**Information shown:**
══════

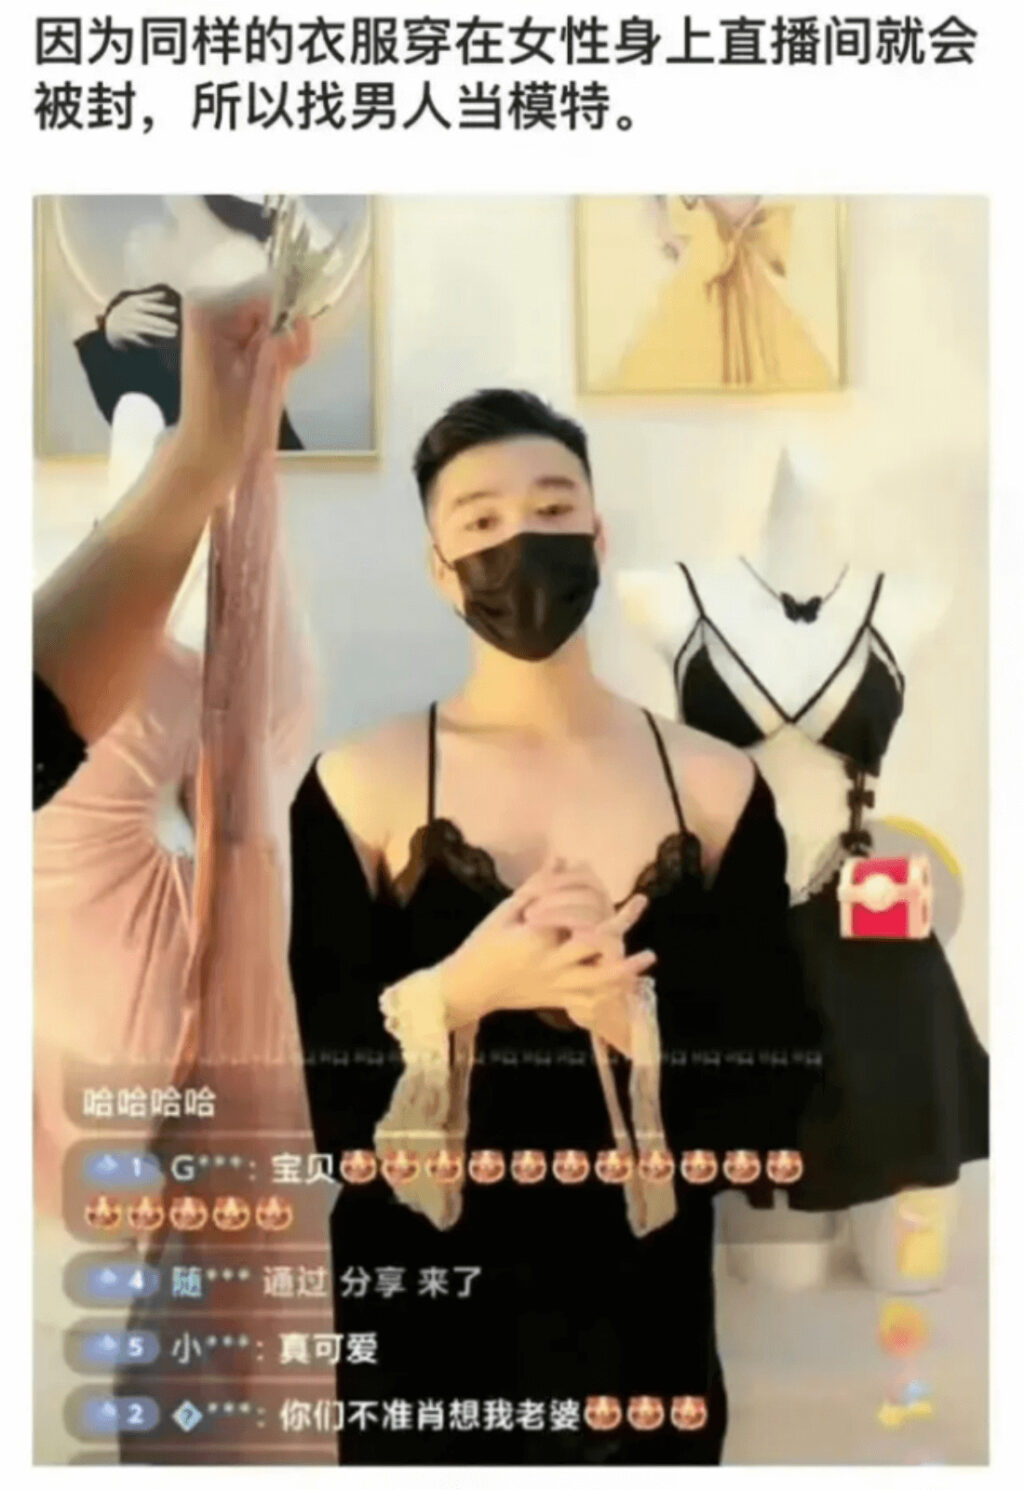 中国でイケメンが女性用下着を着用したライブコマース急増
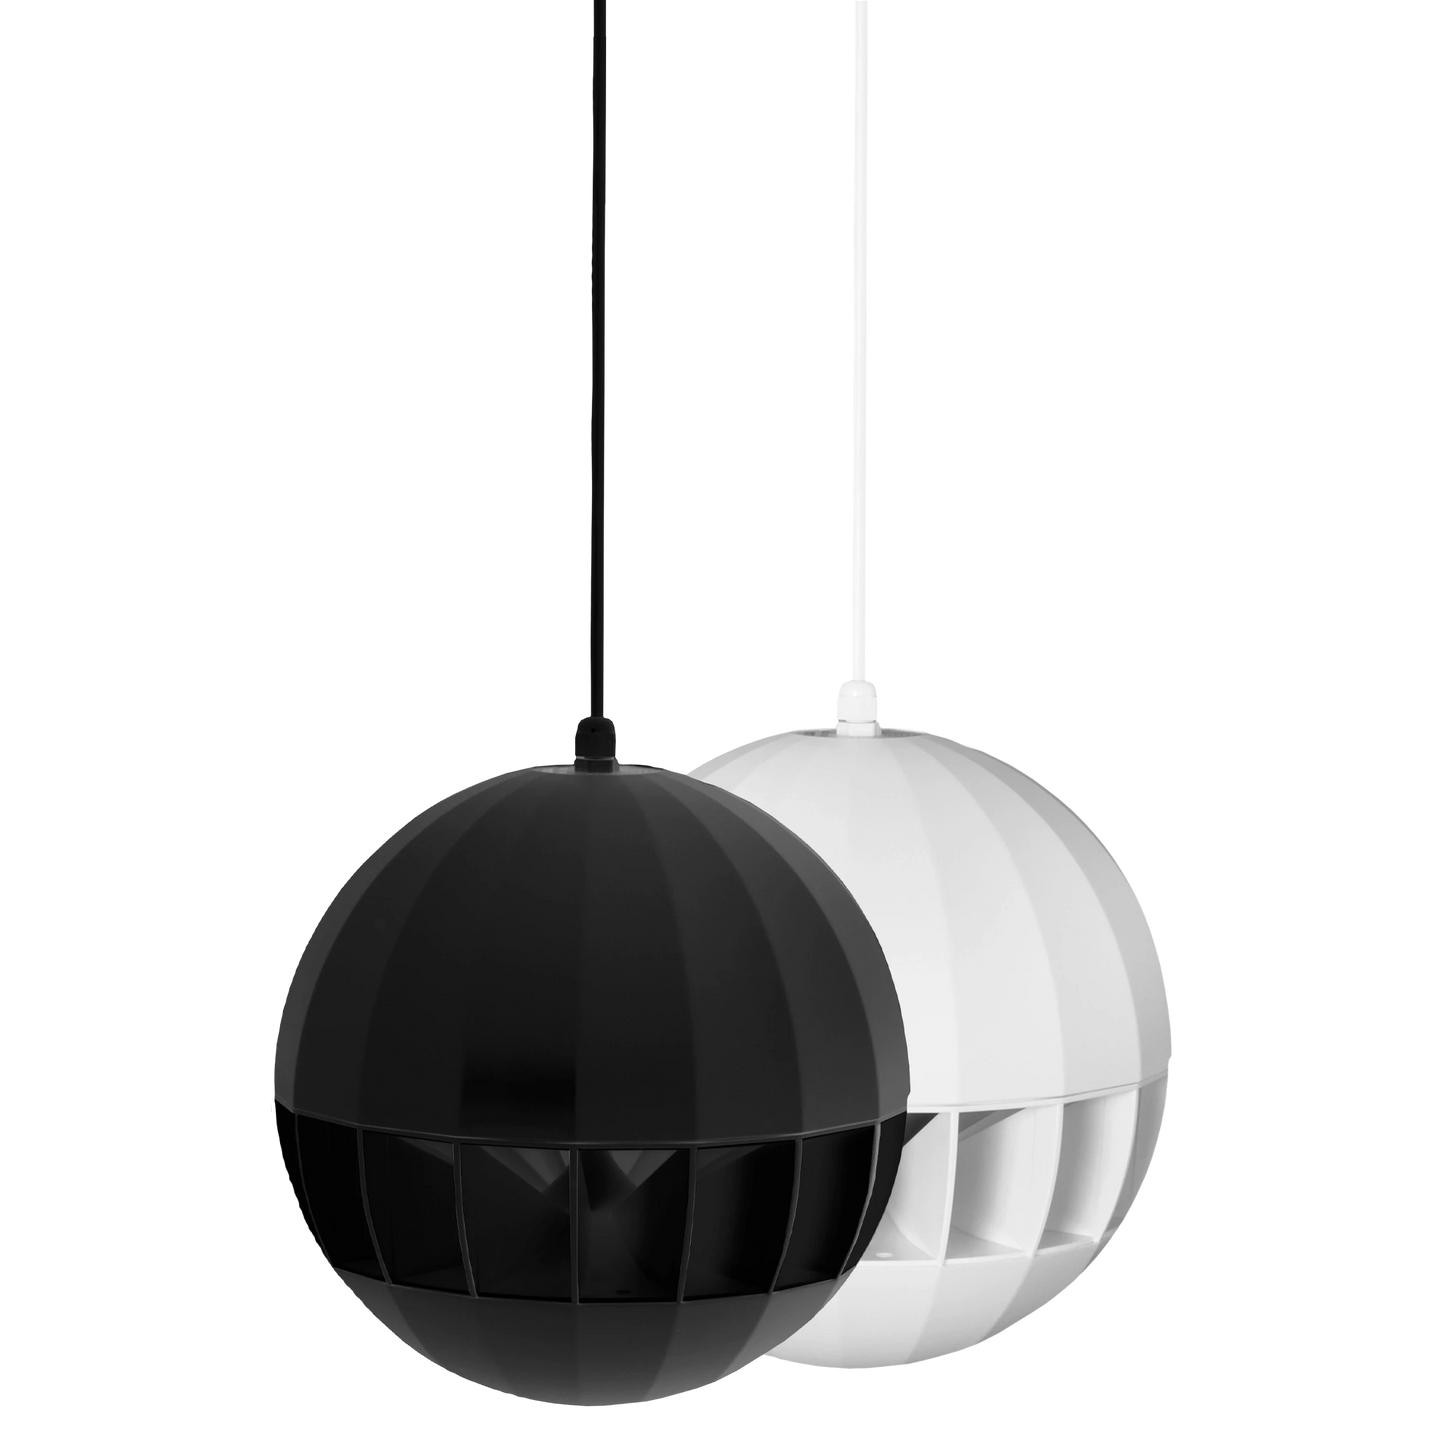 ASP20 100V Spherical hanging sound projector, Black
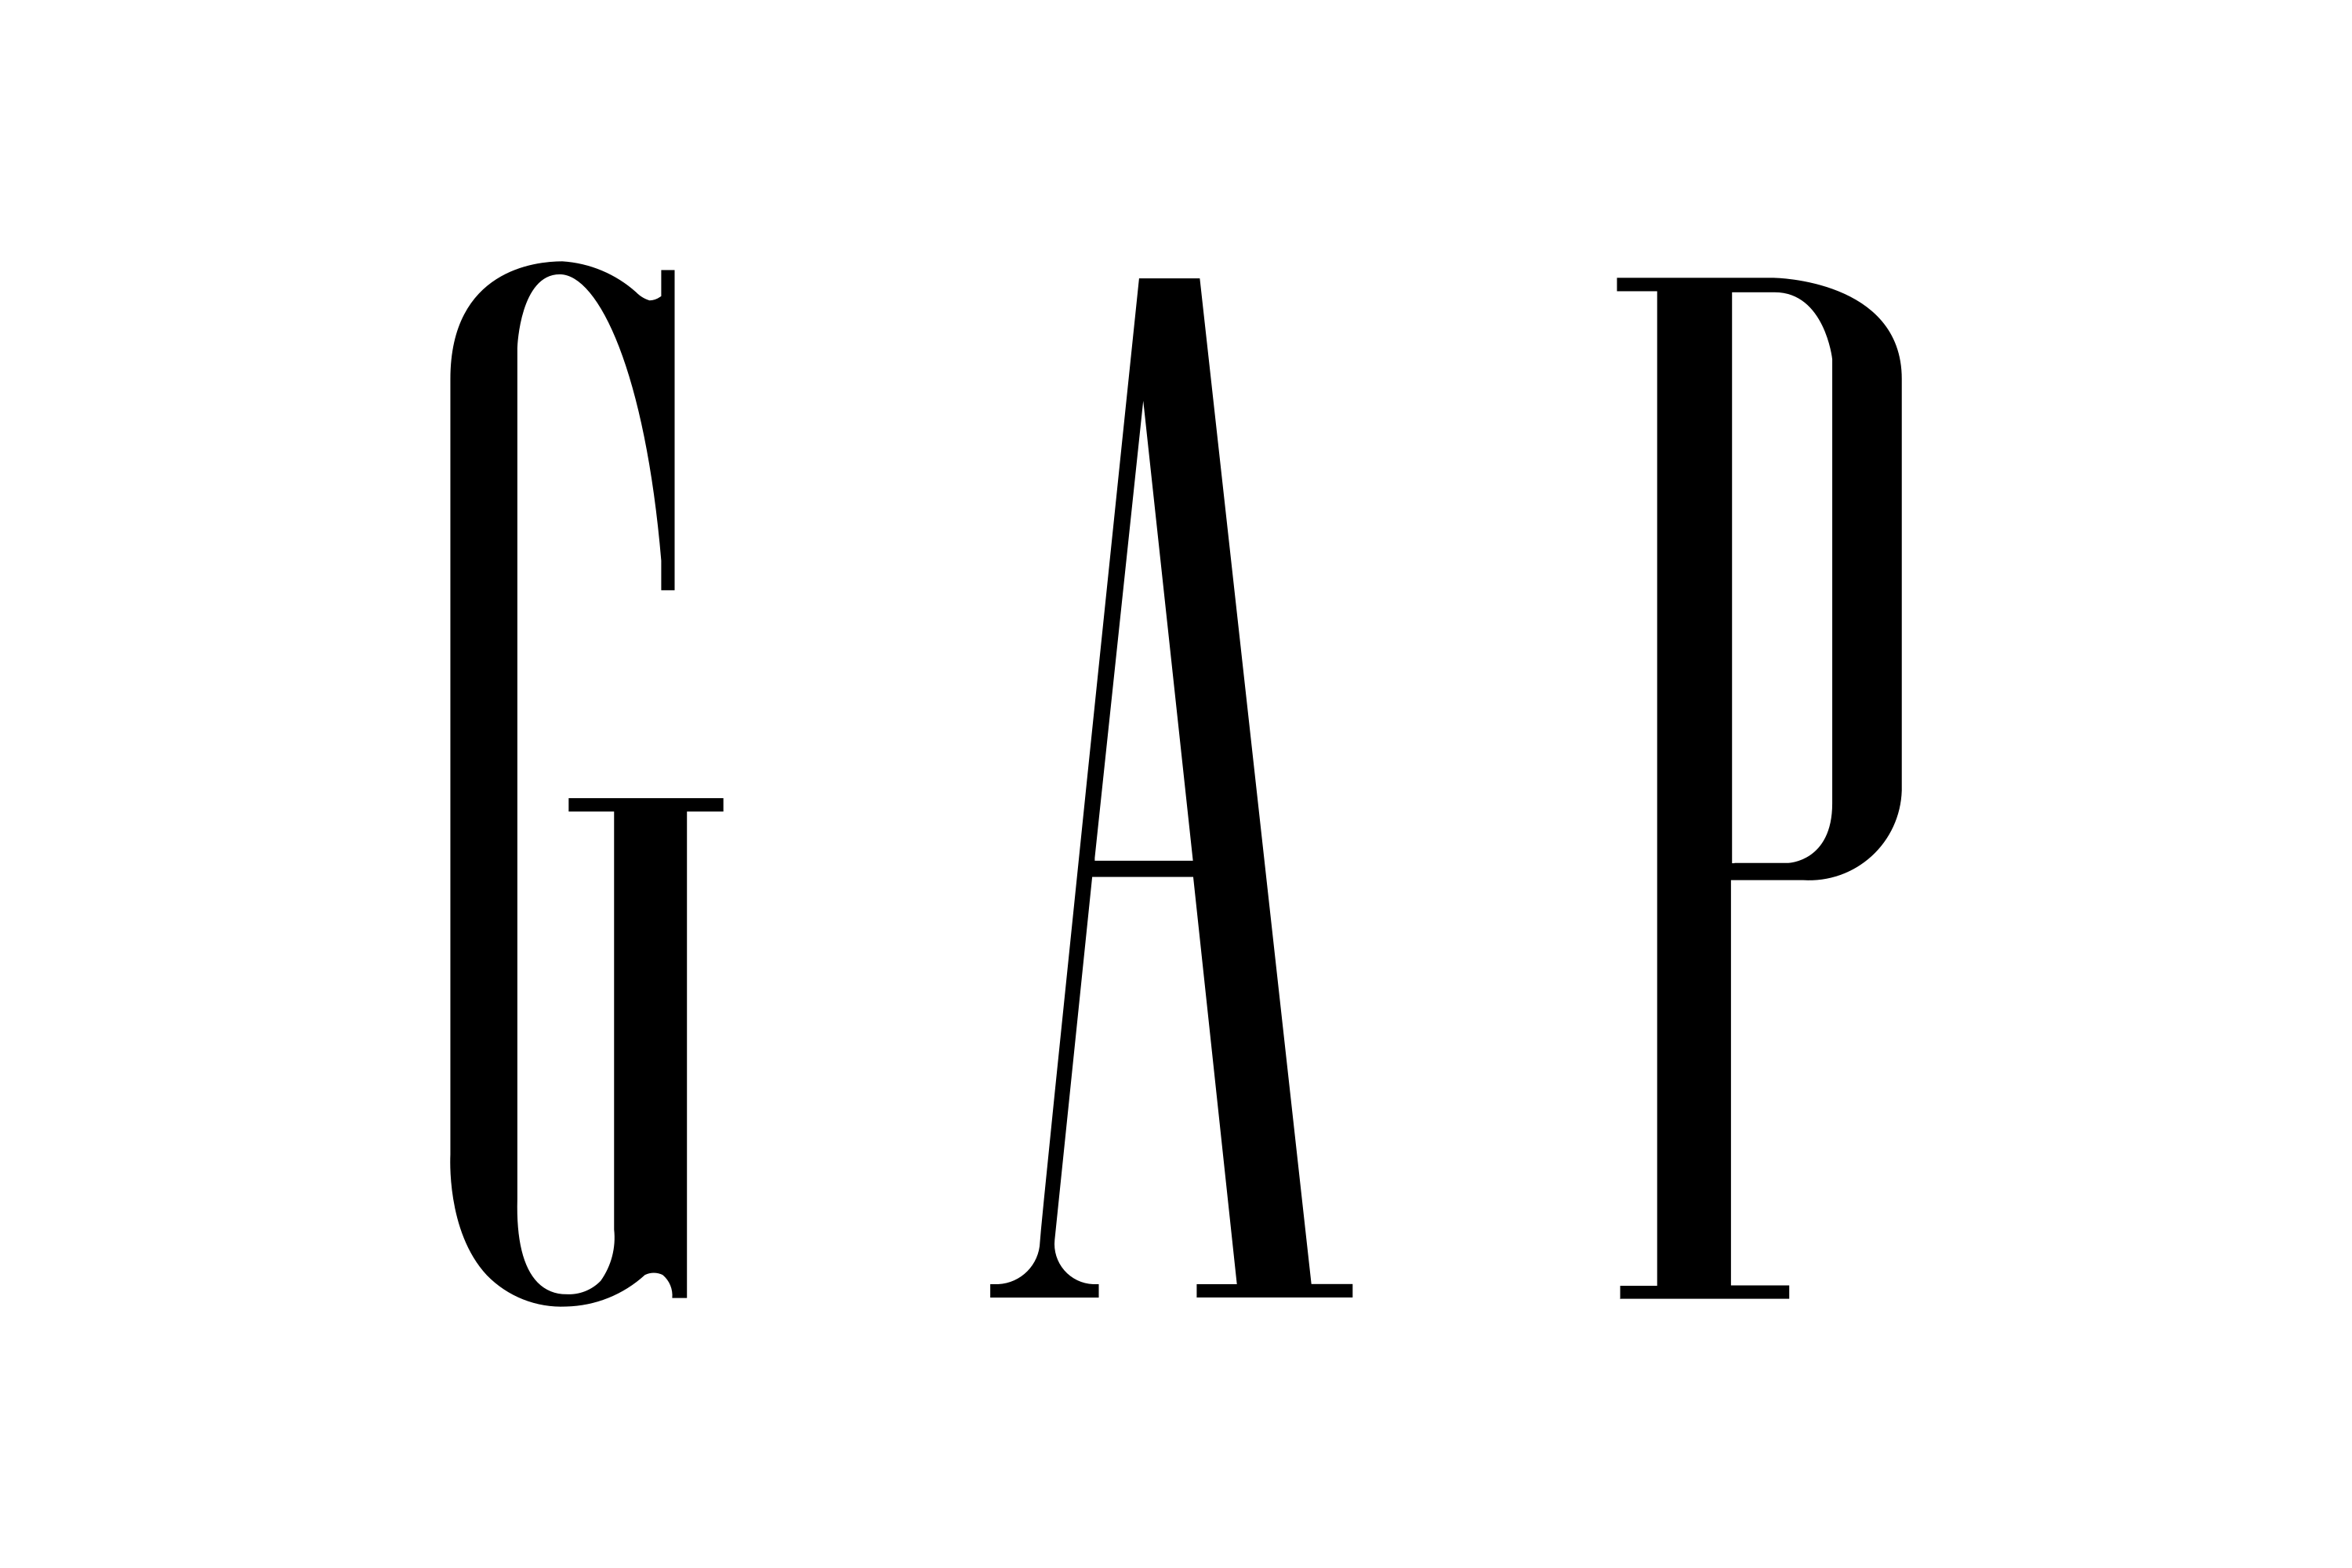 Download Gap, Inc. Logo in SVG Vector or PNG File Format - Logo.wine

══════

Only the lines from the one with "ASP20 100V Spherical" to the end of the listing, both ends included, should be retyped exactly; no pictures belong in the copy.

 ASP20 100V Spherical hanging sound projector, Black
 Download Gap, Inc. Logo in SVG Vector or PNG File Format - Logo.wine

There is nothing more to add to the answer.